In this chapter, we will look into possible functions within the SAI header that can aid us with creating the publish-subscribe system. We will discuss possible solutions for two different methods. With unicast stream delivery, we take a stream from one of the telescopes and forward it to all subscribed compute islands. Multicast stream delivery will take a packet and forward it to the ports which are a member of the multicast group. The destination MAC and IP address of these unicast packets will be modified to reflect the IP and MAC address of the receiving telescopes. The modified packets will then be forwarded to the correct port.

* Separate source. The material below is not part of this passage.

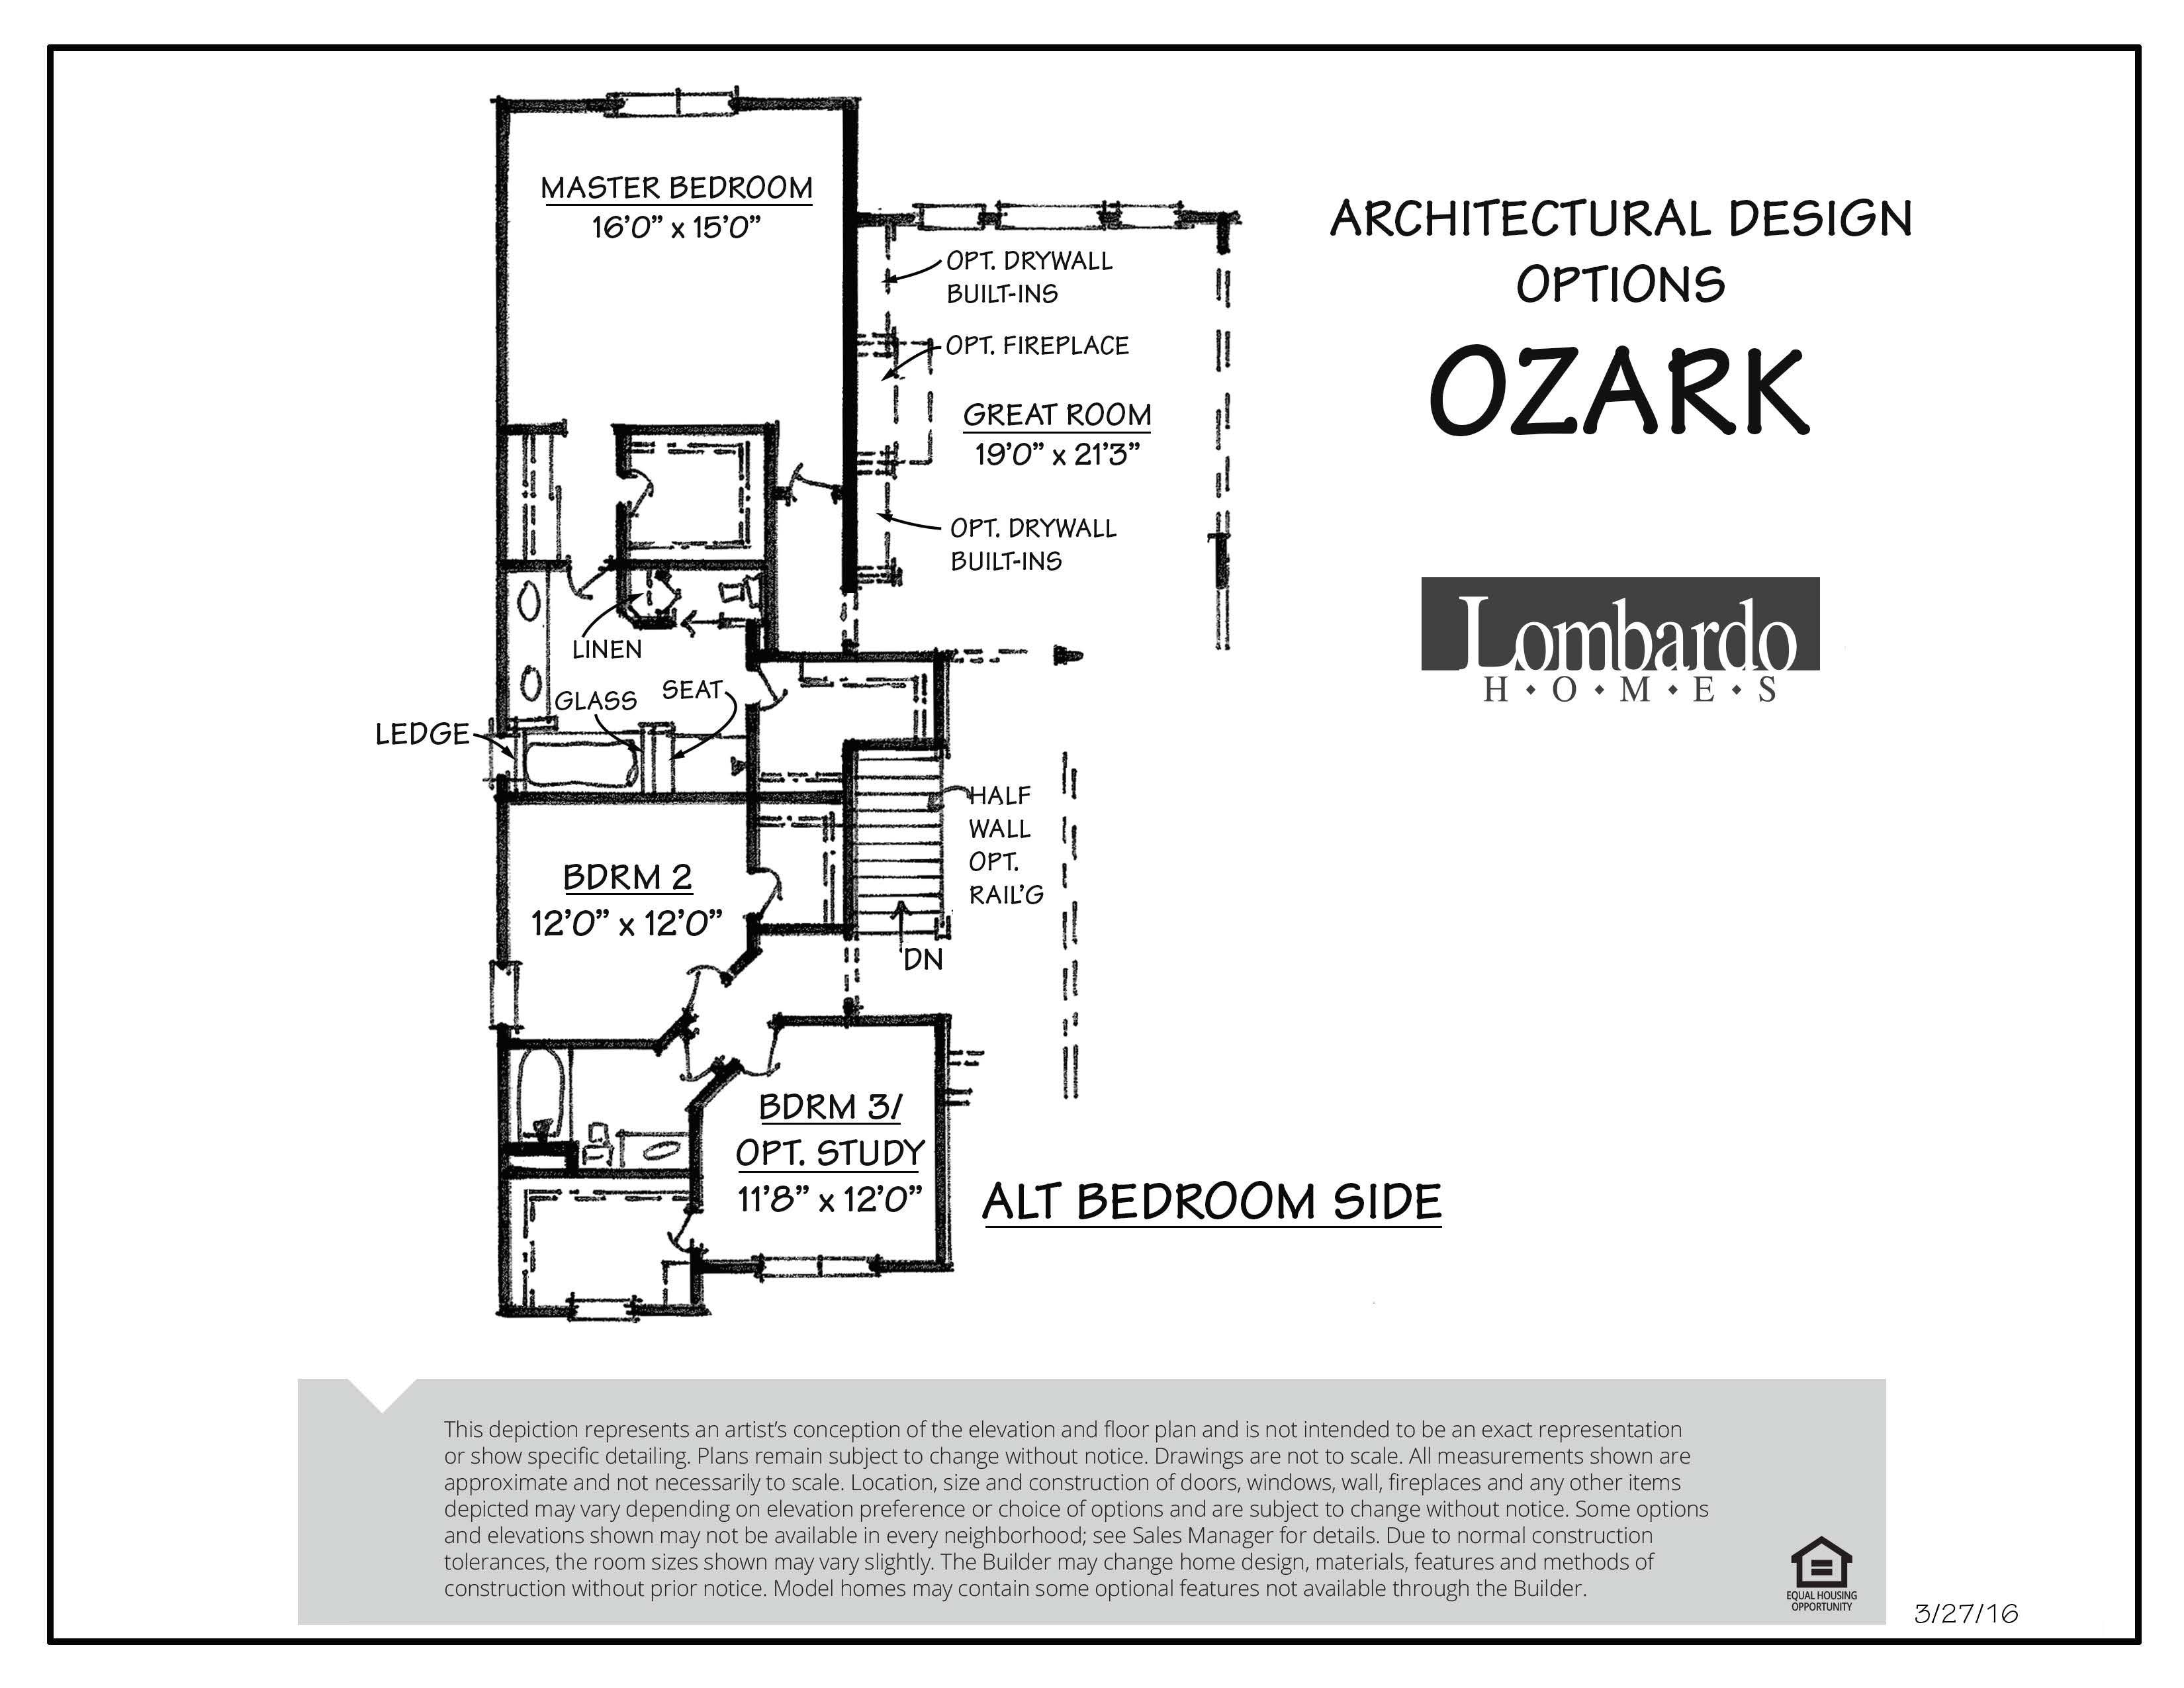 ADO Ozark Alt Bedroom Side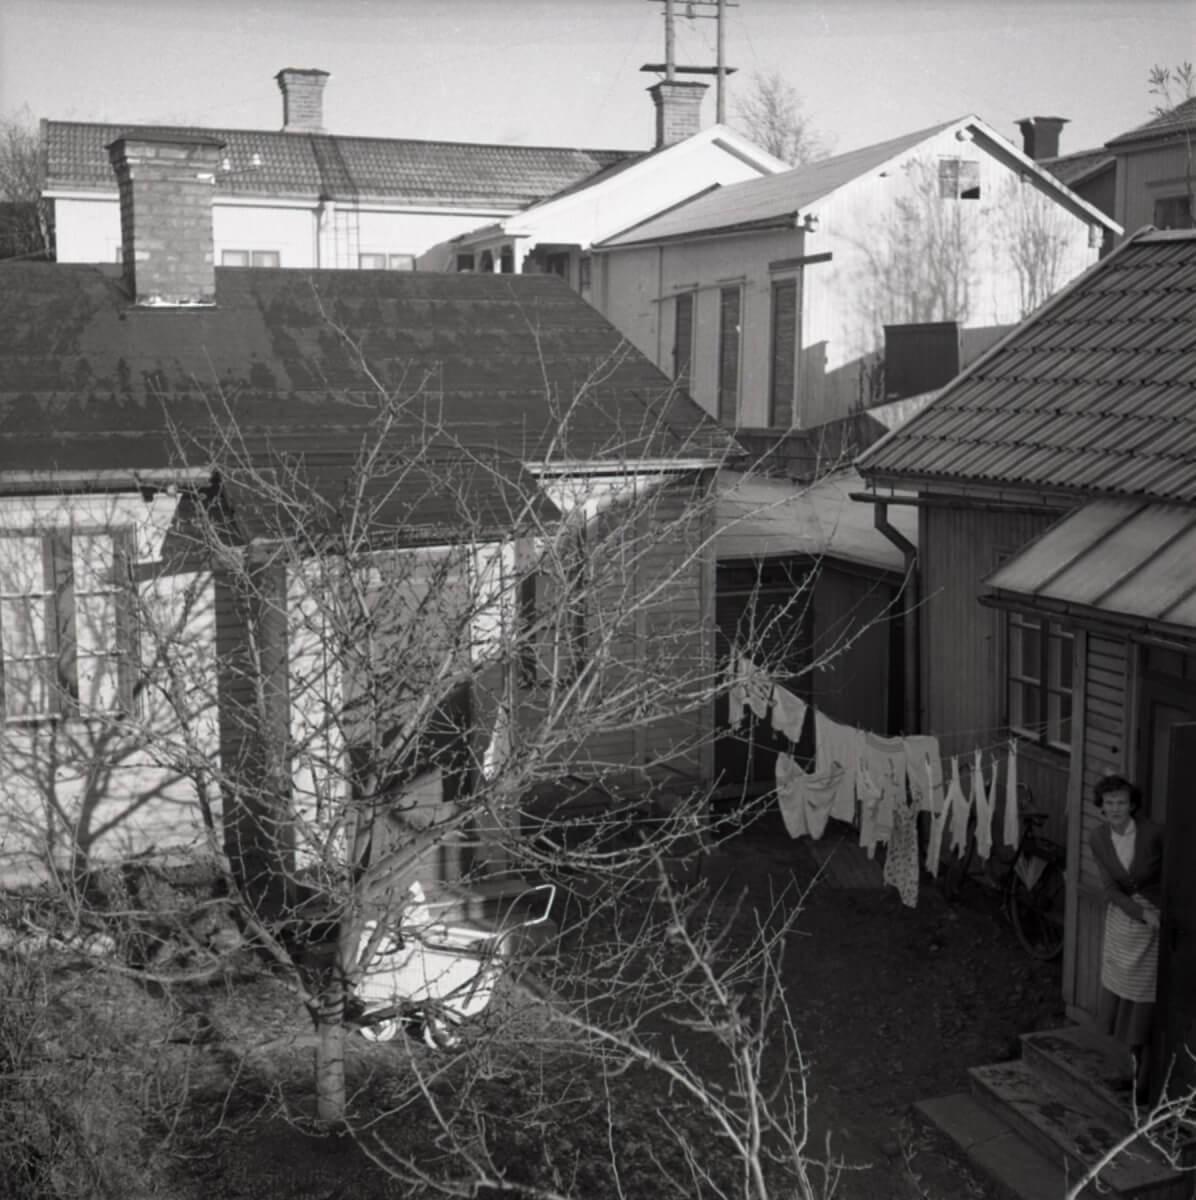 En stadsinnergård med upphängd tvätt på en tvättlina samt en kvinna som tittar ut genom en dörröppning.

4.1 Unicast stream delivery

Like explained in section 2.2.1 there are three separate cases with unicast stream delivery. When no hosts are subscribed to the stream of the telescope, the traffic generated should be dropped. When only one host is subscribed, the destination IP and MAC should be modified to the IP and MAC address of the subscribed compute islands. When multiple hosts are subscribed, we will need to make a duplicated packet for each receiving island and redirect the packet to it. For all three cases we will look into the SAI header files to find possible ways of achieving this.

4.1.1 Dropping

The way of dropping traffic we have chosen is by using Access Control Lists. ACLs have a lot of different filters we could manipulate the data on. We would drop the traffic based on the destination IP, because packets that have no destination should be dropped. Another filter we will add is acting on UDP packets. This will make sure any non UDP packets will continue to be sent around the network with default behaviour.

4.1.2 Redirection

The way we would deploy redirection rules would be similar to dropping traffic. We create two filters to match a packet that should be redirected, the first filter is to match the destination IP and a second filter for the UDP protocol. We have two ACL actions that support the rewriting of MAC and IP addresses. The first is SAI ACL ACTION TYPE SET DST IP to rewrite the destination IP address. The second is SAI ACL ACTION TYPE SET DST MAC to rewrite the destination MAC address. In the first method we will try to use l3 routing and change only the IP. In the second method we will create a solution where both the MAC and IP address are changed. The third solution is a little bit more tricky. We will use an external cable that loops back to the switch[15]. With this loop back method we connect two ports on the switch together. When a packet is send from one these ports it arrives at the other port. This way we will be able to apply the two ACL actions to the packet.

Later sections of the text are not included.